Namun, Pengadilan Federal Australia tidak menerima argumen tersebut. Pengadilan memutuskan bahwa X tetap bertanggung jawab untuk mematuhi kewajiban hukum di Australia, terlepas dari restrukturisasi korporat yang dilakukan oleh Musk.

Dalam pernyataannya setelah keputusan pengadilan, Komisioner eSafety, Julie Inman Grant, menyebut keputusan ini penting untuk mencegah perusahaan asing menghindari kewajiban hukum di Australia melalui merger atau akuisisi.

"Jika argumen X diterima oleh pengadilan, ini dapat menciptakan preseden berbahaya bahwa perusahaan asing bisa menghindari kewajiban regulasi di Australia hanya dengan bergabung atau diakuisisi oleh entitas lain," kata Inman Grant dalam pernyataannya.

Selain keputusan pengadilan yang menegaskan denda sebesar 418.000 dolar AS tersebut, Komisioner eSafety juga telah memulai proses hukum perdata terhadap X atas ketidakpatuhan perusahaan terhadap undang-undang keamanan internet di Australia.
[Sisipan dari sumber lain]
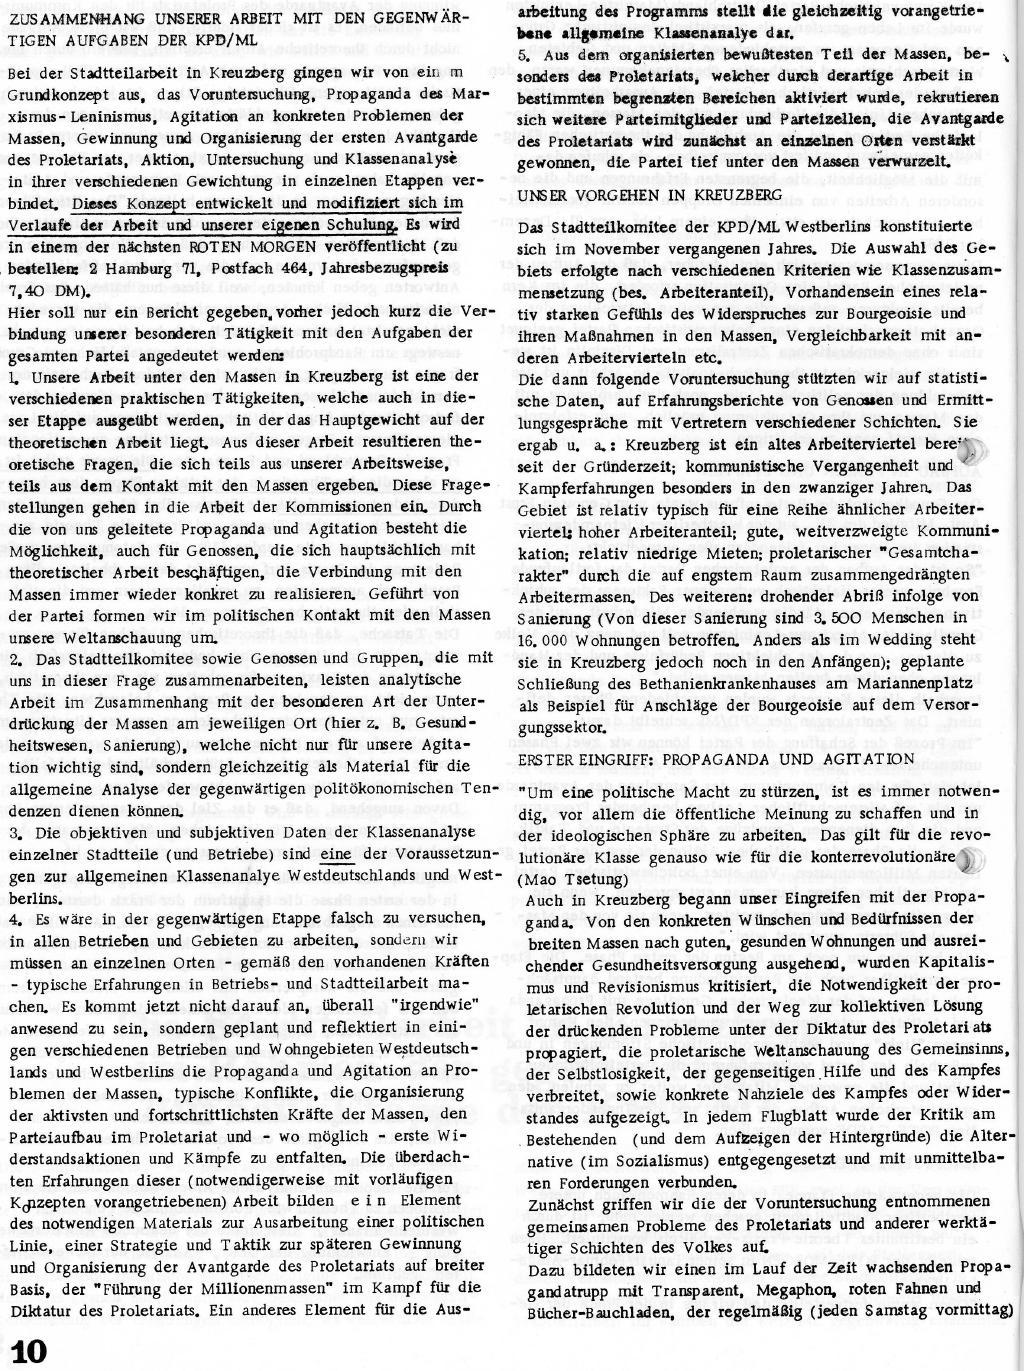 RPK_1970_056_057_10
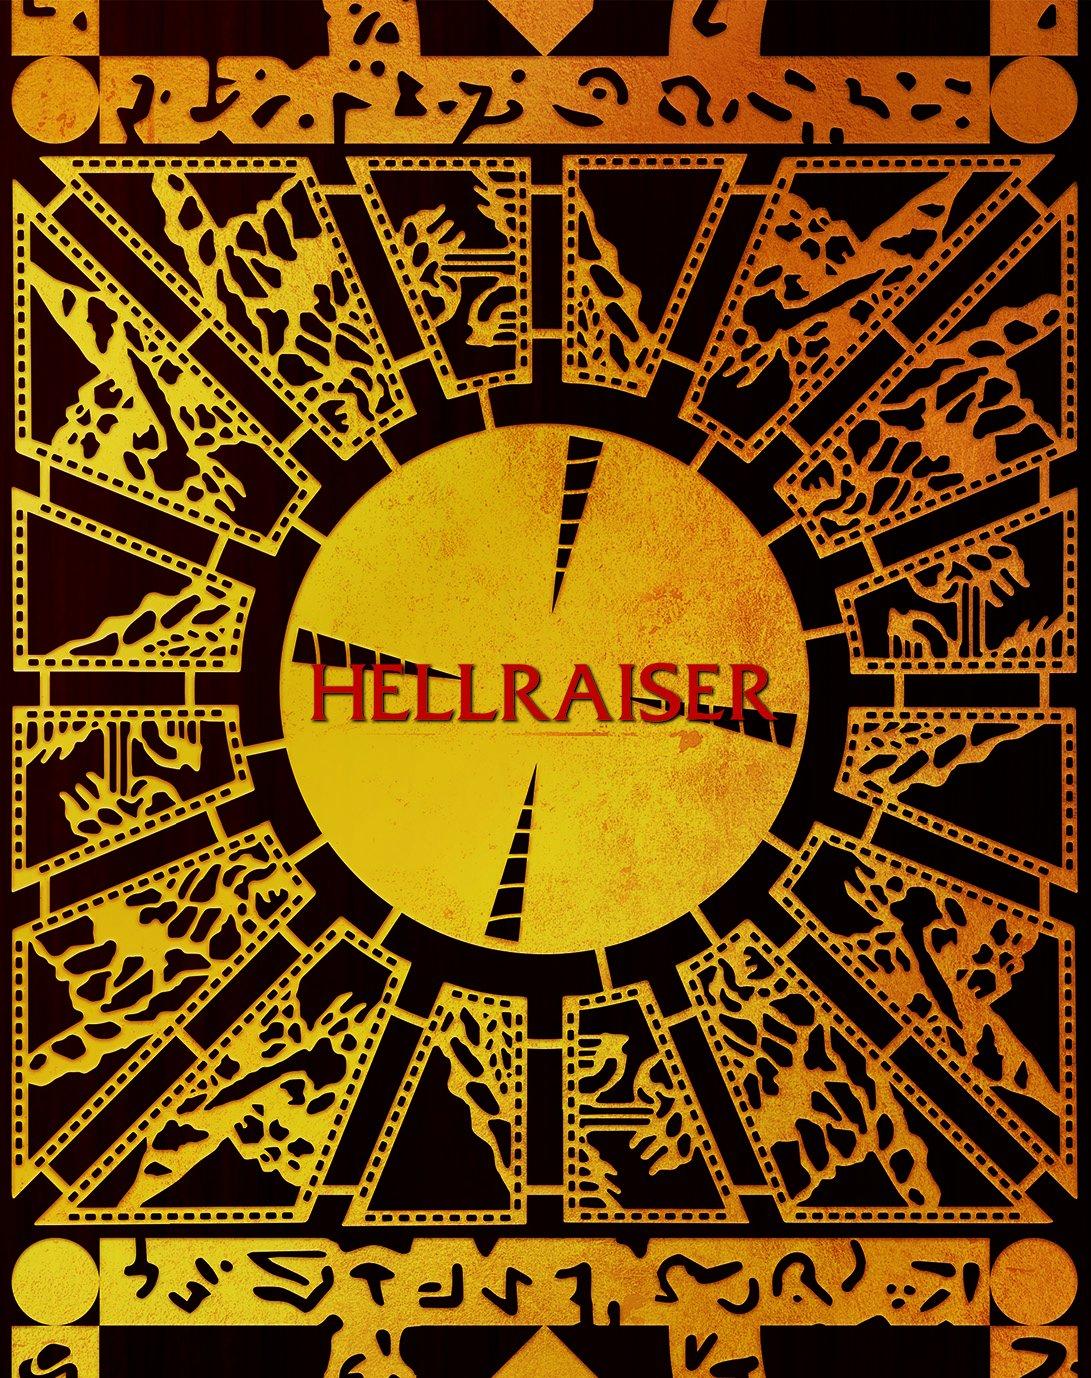 ヘルレイザー1,2,3 最終盤HDニューマスター版 [Blu-ray] B01M9CLYNU

X, yang tidak memberikan tanggapan segera setelah keputusan pengadilan, menghadapi tantangan lebih lanjut dalam upaya memperbaiki hubungan mereka dengan regulator lokal.

Konflik Sebelumnya dengan Regulator Australia

Ini bukan kali pertama Musk dan platform X terlibat konflik dengan regulator internet Australia. Awal tahun ini, Komisioner eSafety memerintahkan X untuk menghapus postingan yang memperlihatkan insiden penusukan seorang uskup di Australia selama sebuah khotbah. Namun, X menentang perintah tersebut dengan alasan bahwa keputusan yang dibuat oleh satu negara tidak seharusnya berlaku untuk pengguna internet di seluruh dunia.

Perusahaan akhirnya mempertahankan postingan tersebut setelah kasus tersebut dicabut oleh Komisioner eSafety. Elon Musk sendiri menyebut perintah penghapusan itu sebagai tindakan sensor dan memposting di platformnya bahwa upaya tersebut merupakan bagian dari rencana Forum Ekonomi Dunia (World Economic Forum) untuk menerapkan aturan keamanan internet global.

Keputusan pengadilan ini dapat berdampak luas bagi perusahaan teknologi internasional yang beroperasi di Australia. Langkah hukum yang diambil oleh regulator menunjukkan bahwa Australia tidak segan-segan menindak perusahaan yang gagal mematuhi regulasi lokal, terutama dalam hal keamanan dan perlindungan anak di dunia maya.

Dengan terus berlanjutnya perselisihan hukum antara X dan regulator Australia, masa depan platform tersebut di Australia mungkin menghadapi lebih banyak tantangan. Komunitas internasional kini tengah mengamati dengan seksama bagaimana kasus ini akan memengaruhi regulasi perusahaan teknologi global di negara-negara lain yang juga berjuang menangani isu-isu eksploitasi seksual anak di internet.